Продолжая перебирать свою библиотеку, нашел я книги, следующие по ряду: о Бове
Королевиче; о Принцессе Милитрисе; о Еруслане Лазаревиче; о Булате-молодце; об ИванеЦаревиче и Сером волке2 и прочие такого же рода. Все сии сокровища перенес я к себе и
начал в свободные вечера почитывать и научать жену мою знать свет. Хотя я тогда и не знал,
как порядочно думать, однако почти то же думал, как и тот, кто сказал docendo docemus3,
приятное удивление моей княгини веселило меня; я читал сколько можно лучше и все с
жаром. Она печалилась и чуть не плакала, слыша, как принц или принцесса, гонимые злым
волшебником, беспрестанно разлучаются и не могут наслаждаться своею любовию
беспрепятственно.
__________________
2 Здесь перечислены книги лубочного издания, популярные в XVIII и XIX веках. Точное
название их: "История о Бове королевиче", "Принцесса Милитриса Кирибитьевна", "Сказка
полная о славном витязе Еруслане Лазаревиче, о его храбрости и невообразимой красоте
царевны Анастасии Вахрамеевны", "Сказка о Булате-молодце", "Сказка об Иване Царевиче
и Сером волке".
3 Правильно: Docendo discimus (лат.) уча учимся.
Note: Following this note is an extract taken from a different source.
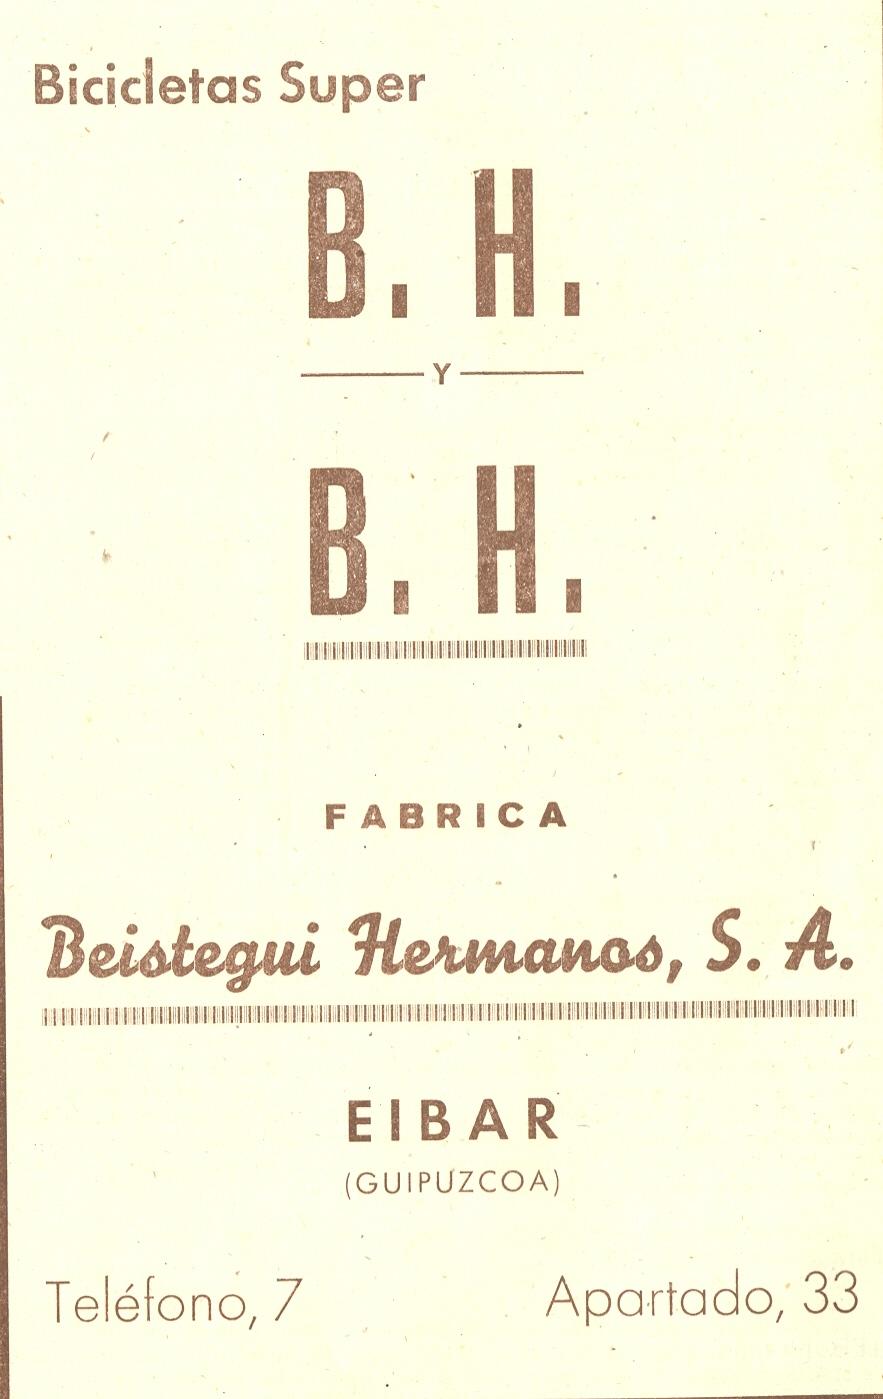 21) Beistegui hermanos, s.a.(BH)

Изречение римского философа Сенеки (6 г.
до н.э.- 65 г. н.э.).
-- Ах, как это жалко! -- говорила она, воздыхая, -- что, милый друг, если б в то
время мешал тебе злой чародей, когда ты лазил через забор в бобовую беседку, что бы
сделал ты?
-- Я? -- был ответ мой с движением гнева и угрозою руками, -- да я, знаешь, что б с
ним сделал?
-- А что, любезный князь?
-- Ну, право, -- отвечал я, задумавшись, -- теперь хорошенько не придумаю; а уж,
верно бы, что-нибудь да сделал.
Когда читывал я о знаменитом подвиге какого-нибудь рыцаря, как он в темную ночь с
величайшею опасностию, сломив себе шею, карабкается к окну возлюбленной своей
царевны, Феклуша не смела дохнуть, глаза ее уставлялись на мне. Но когда доходил я до
того места, где рыцарь, как-нибудь оступись, летит вниз, падает с шумом, и хотя не
ушибается, ибо он рыцарь и ушибаться не должен, однако падением разбужает царскую
стражу; она спешит; окружает несчастного, оковываем цепями и волочет в тюрьму, -- тут-то
Феклуша произносила: "Ах!" и веретено выпадало из рук ее. "Ах, слава богу! -- продолжала
она спустя несколько минут, -- слава богу, что забор наш был невысок, да и стражей не
было, кроме батюшки, который, воротись из гостей от Яньки, так спал, что, упади сто
рыцарей с неба, он не проснется". -- "Конечно", -- обыкновенно отвечал я с видом
гордости, видя, что природные дарования и чувствительность моей супруги от чтения
совершенствуются.
В таком препровождении времени застала нас весна зеленая. Я с Фомою, новым
своим работником, отправились в поле, а княгиня с Марьею и Маврушею занялись огородом.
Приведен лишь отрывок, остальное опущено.